DATASET EXCERPT:
━━━━━━━━━━━━━━━━

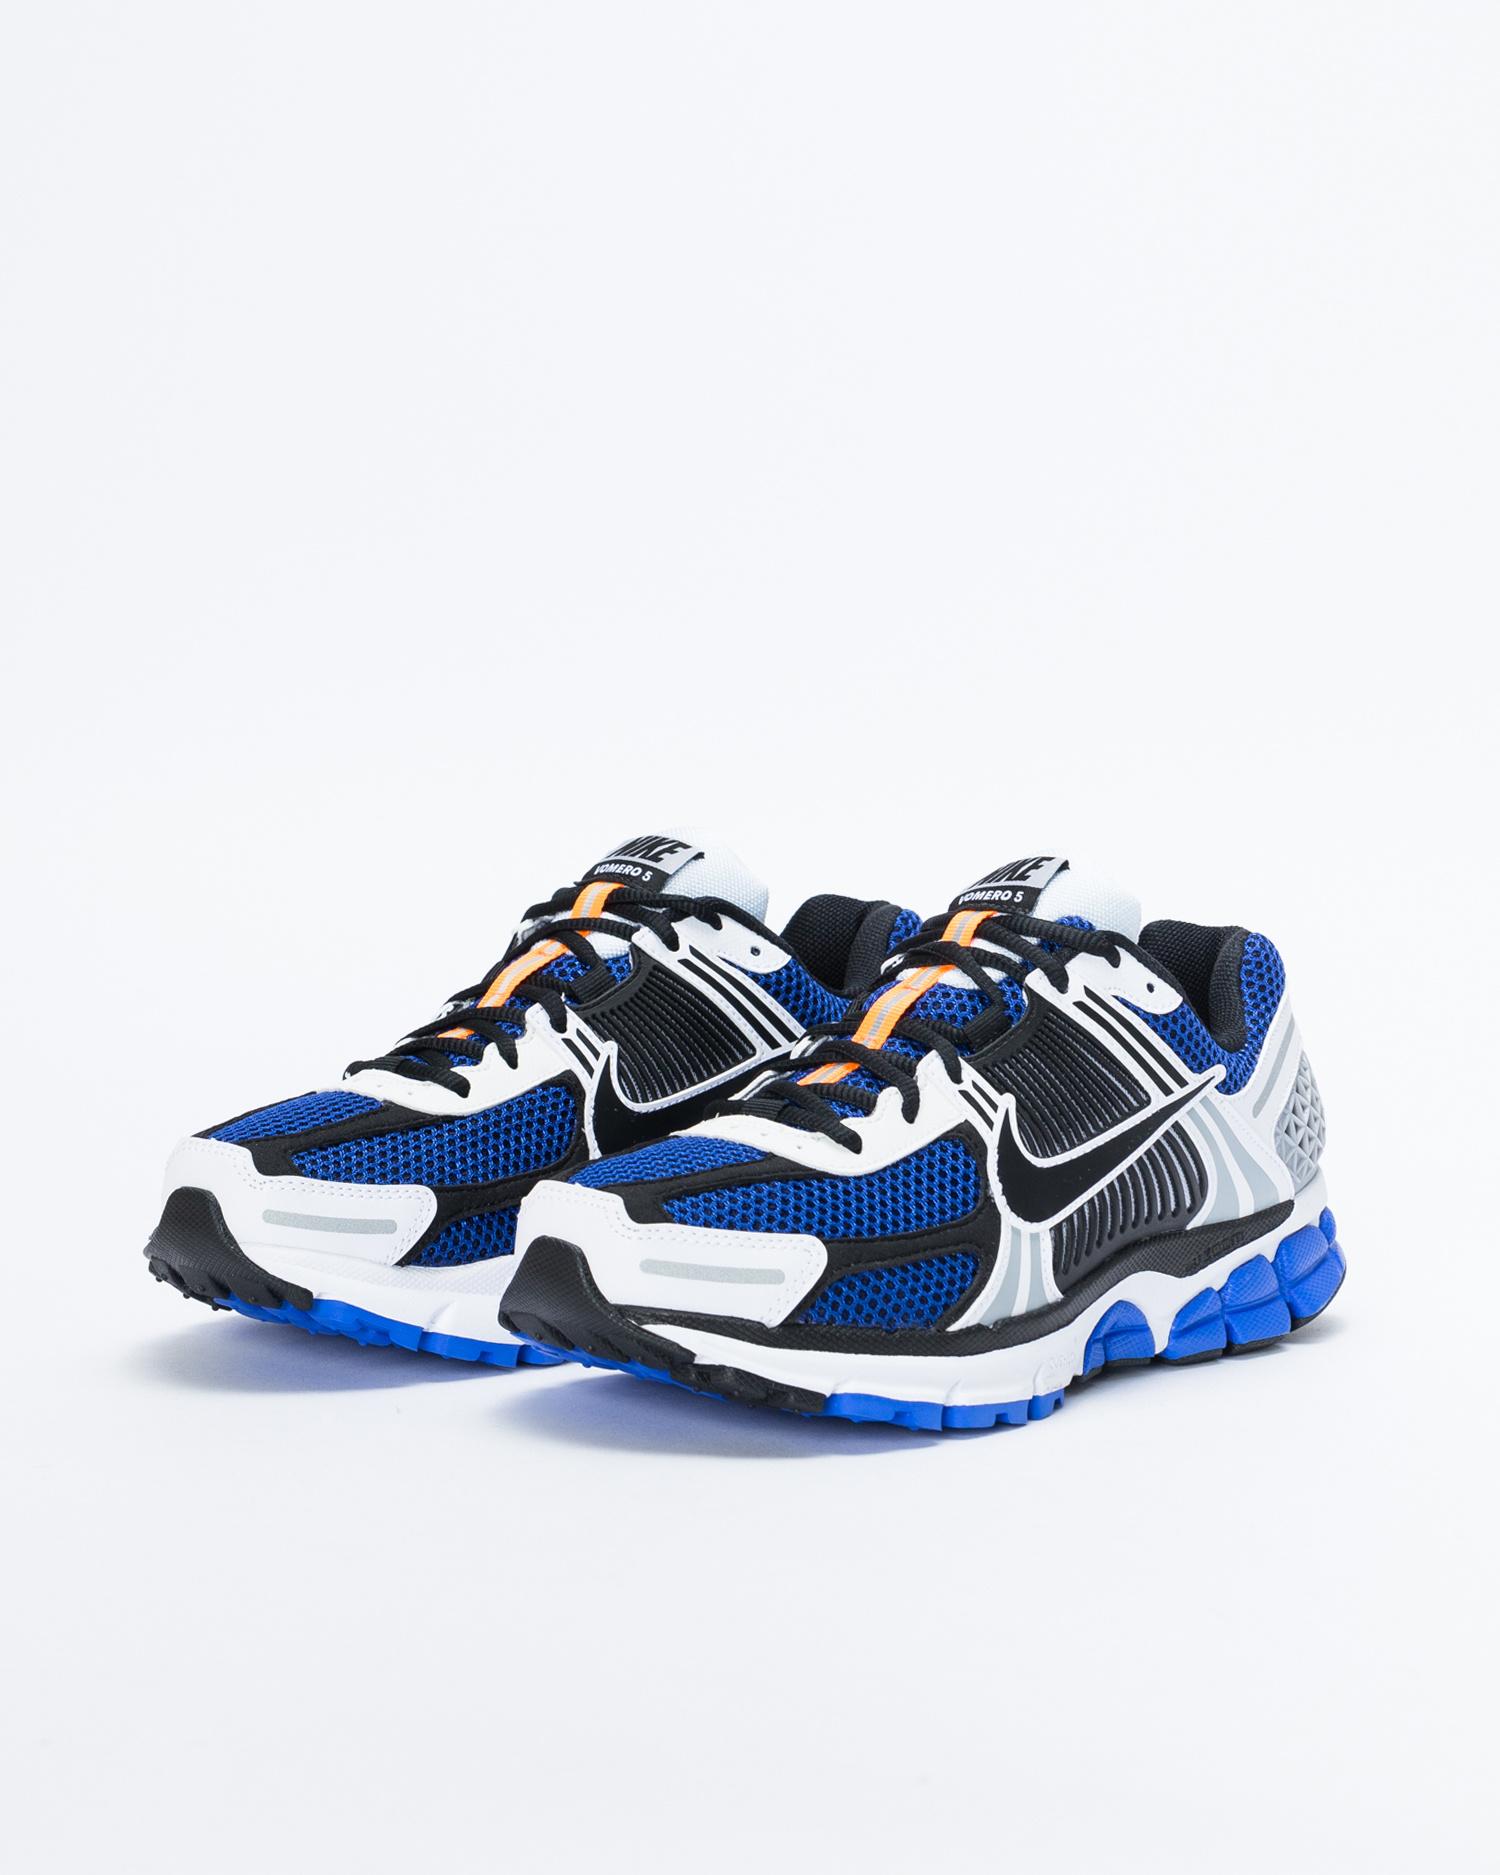 hot sale online 02535 7c87e Nike Zoom Vomero 5 Se SP White Racer Blue-Black-Sail ...
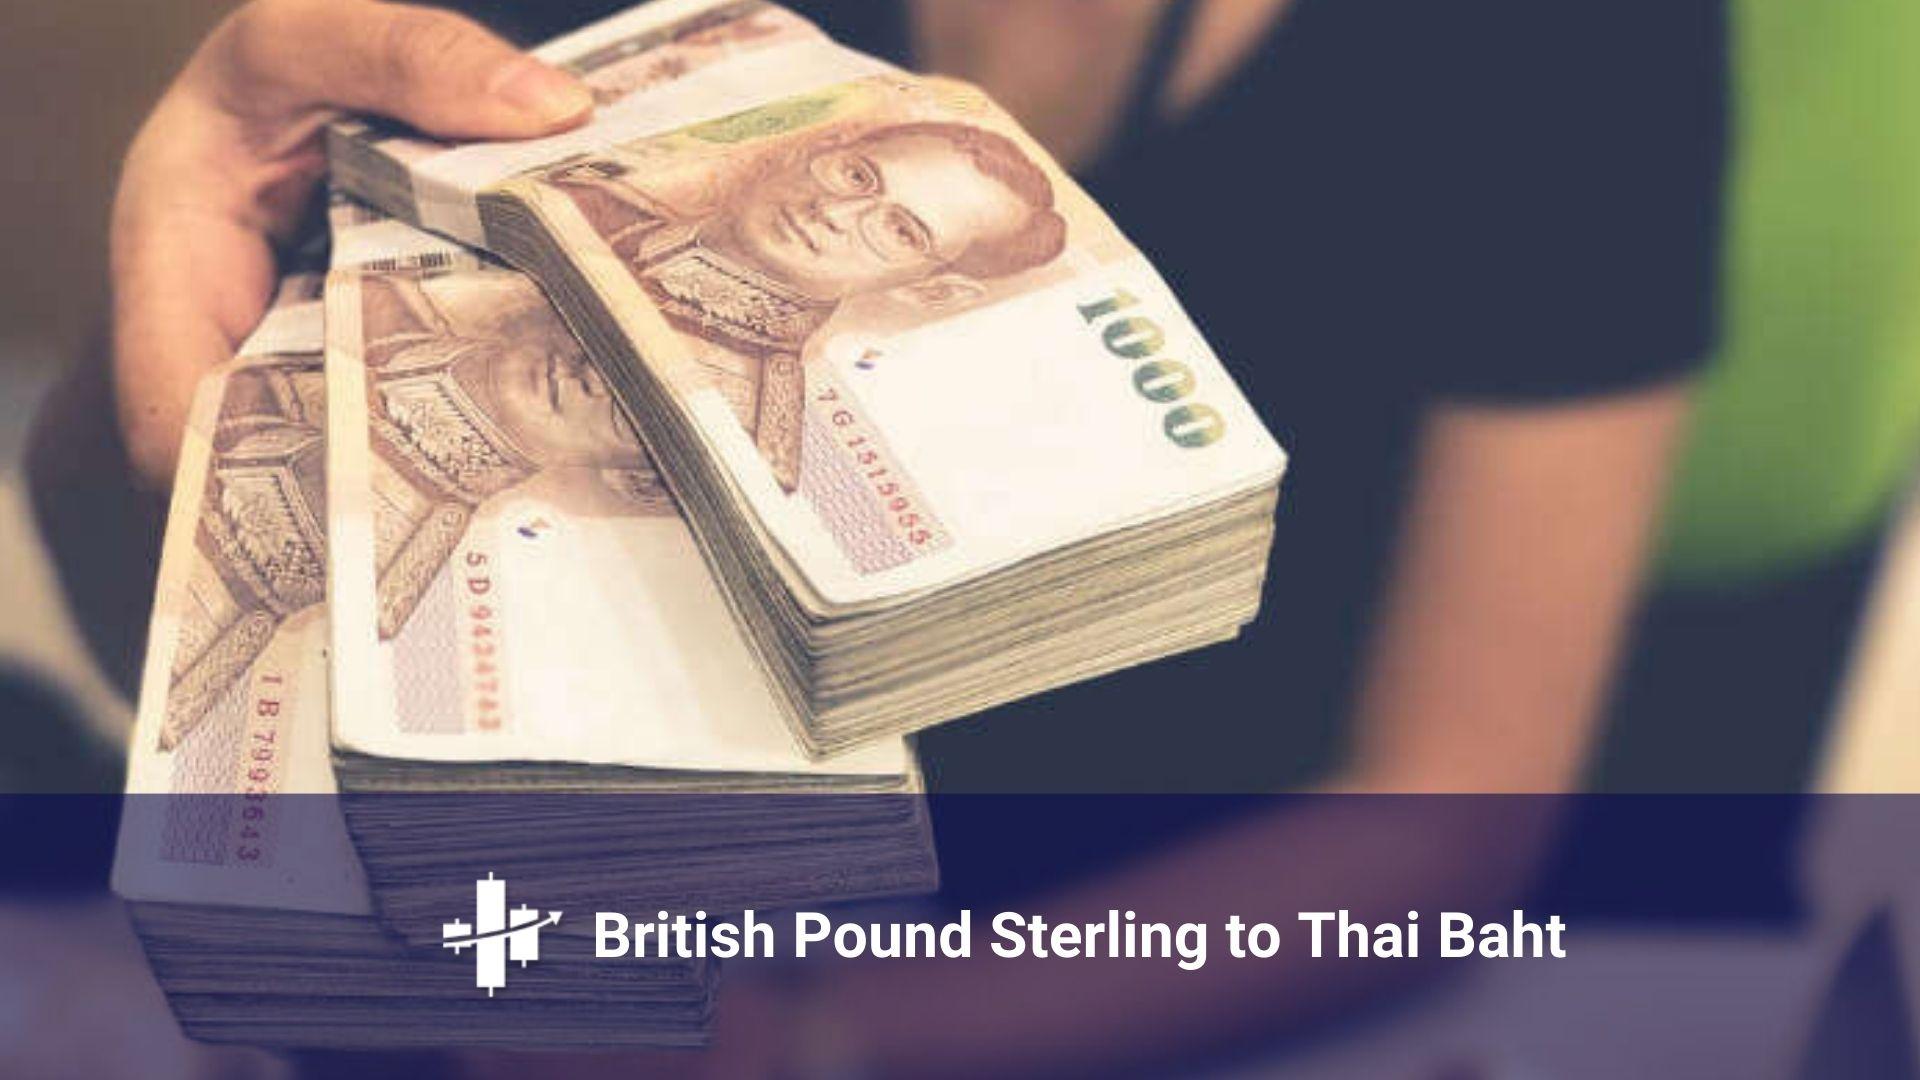 GBP to Baht
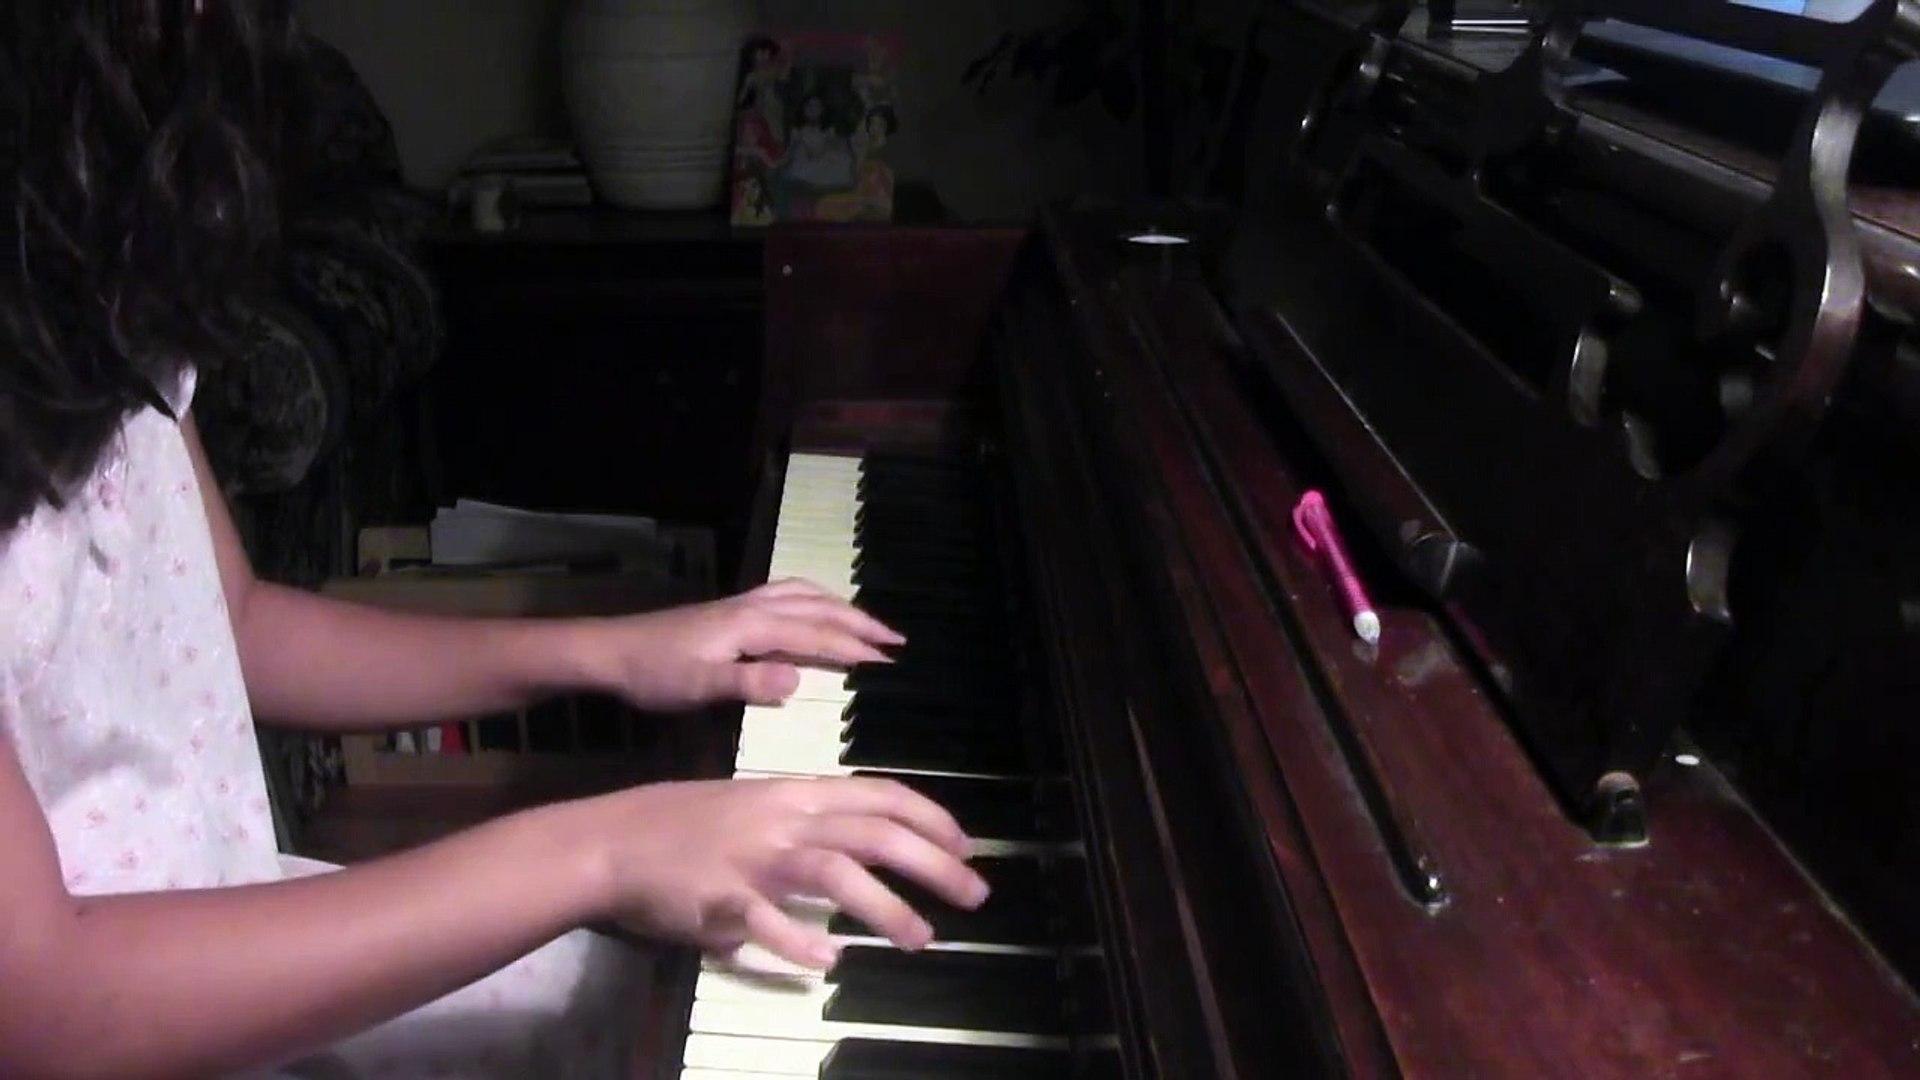 Shounen Brave (Brave Boy) - Kagerou Project Piano Cover

━━━━━━━━━━━━━━━━

AIM OF THE TASK: Return the whole listing word for word. Pictures stay out of it.

RESPONSE:
 hot sale online 02535 7c87e Nike Zoom Vomero 5 Se SP White Racer Blue-Black-Sail ...
 GBP to Baht
 Shounen Brave (Brave Boy) - Kagerou Project Piano Cover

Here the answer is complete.